# Tab vs glove



## Easykeeper (Jan 2, 2003)

I've always liked and usually shot a glove, much more convenient when hunting. That said I do shoot better with a tab and have gone completely that way. AAE Cavalier Elite Cordovan is the one I like. I shoot split so I use the finger spacer but I take off the chin rest. I also glued thin leather over the plate so it isn't so cold against my face in cold weather.

For me the glove was more convenient, the tab is frequently in the way when hunting unless turned over to the back of my hand. The last few years I've decided that for me, the increased accuracy and consistency of the tab makes up for the inconvenience.


----------



## GBUSA (Jun 6, 2013)

Black widow makes a good tab, give it a try.
See if you can find some videos on sizing and shaping the tab to your hand. It will work better if it's just the right amount of material for your hand.

As for which is better, that's better left up to the individual, but You won't see many gloves at the Olympics.

GB


----------



## Thin Man (Feb 18, 2012)

Black Widow makes an excellent tab. The trick is to commit to the tab for a good length of time - at least a month - and adjust to the subtle changes in draw finger feel, anchor feel, and aim that will present themselves.
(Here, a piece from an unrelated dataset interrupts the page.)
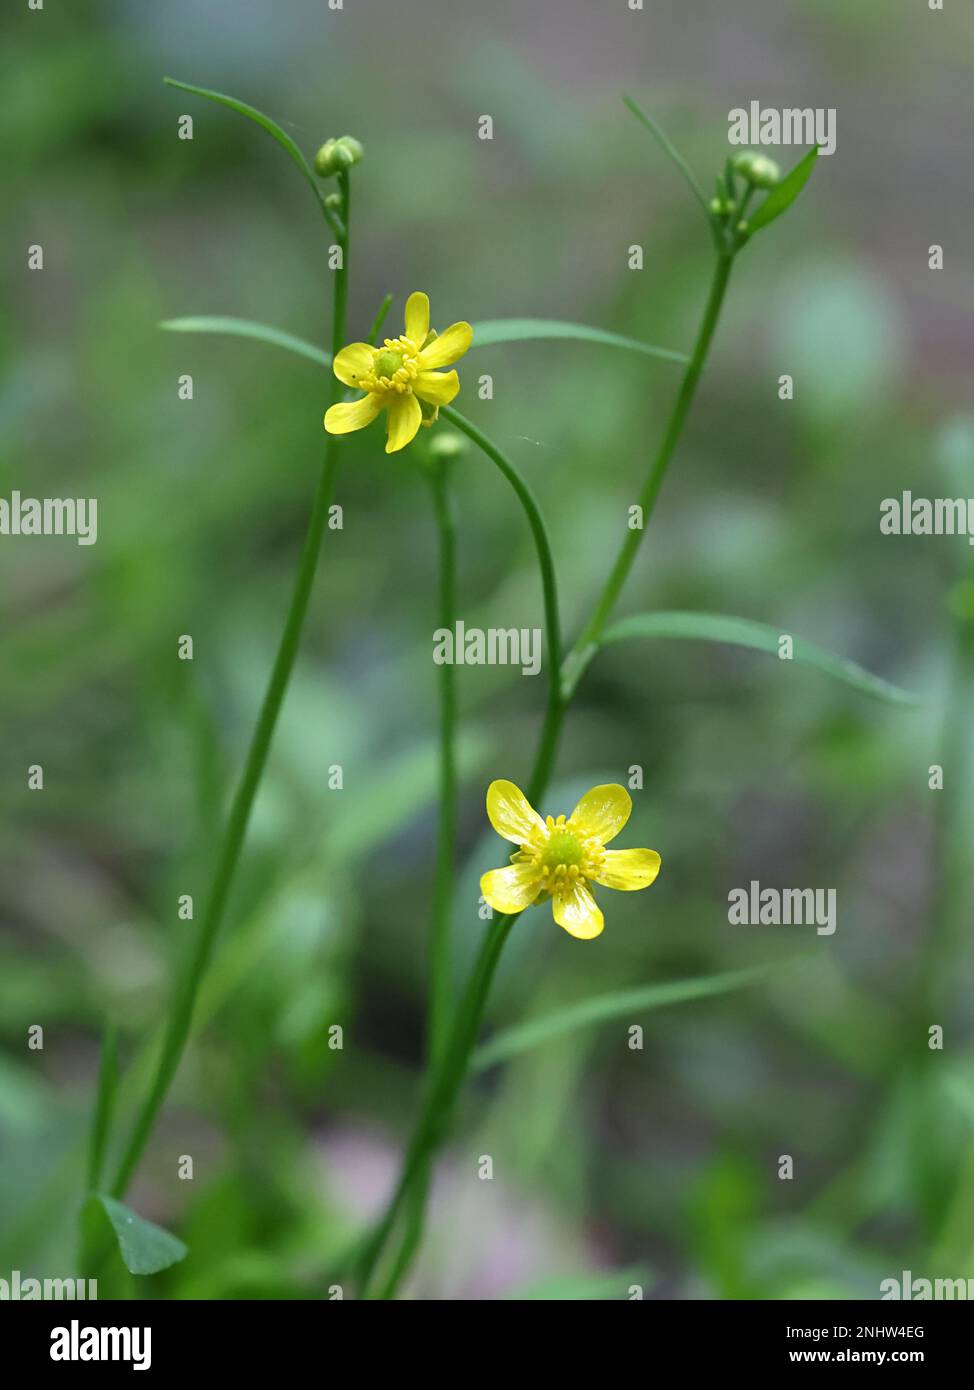 Ranunculus flammula, commonly known as Lesser Spearwort, wild flower from Finland Stock Photo

The tab may temporarily corrupt your normal grouping due to those differences, but if you give it time, everything will come back together ... and that is the point at which you make the judgement as to whether or not a tab is for you. 

Going back and forth between your glove and the tab to make comparisons during the same session will not give the tab its fair shake.

Good luck.


----------



## Arron (Nov 18, 2012)

I use a Bateman three under and love mine. One key for me was finally understanding you could trim them. Key though trim a little shoot a bunch, trim a little shoot a bunch until its just right. Hard to glue leather back on


----------



## Petros11 (Jan 18, 2014)

Hello all, new on this forum and figured this would be a good post to wet my feet. Tabs and gloves is a long debated issue that I have experimented quite a bit with. I ultimately settled on a Black Widow Stick tite glove because it is minimal and has good protection for bows I shoot regularly. I do like the bare fingertips of a tab and ability to tuck the string in close, but I could never quite get used to them. With a glove, I cant a bit more to keep my eyes over the arrow making up for material holding the string out. I have found mostly for me however is that where I anchor is more important than what I use to hold it, providing you have a proper fit and adequate protection.


----------



## Bender (Dec 6, 2006)

I really gotta go with Easykeeper on this. For the reasons. A glove sure is convenient when hunting. But a tab gives me a better release. I have switched to tab for everything though because for some reason I can pretty much wear out a glove in 6 months to year. Tabs seem to last forever though. The last glove I ever bought was guaranteed for life and cost $80. Less than year later it was done for. That was when I swore off gloves. Plus tabs are simple things and I make my own. I have a sackful of spares. 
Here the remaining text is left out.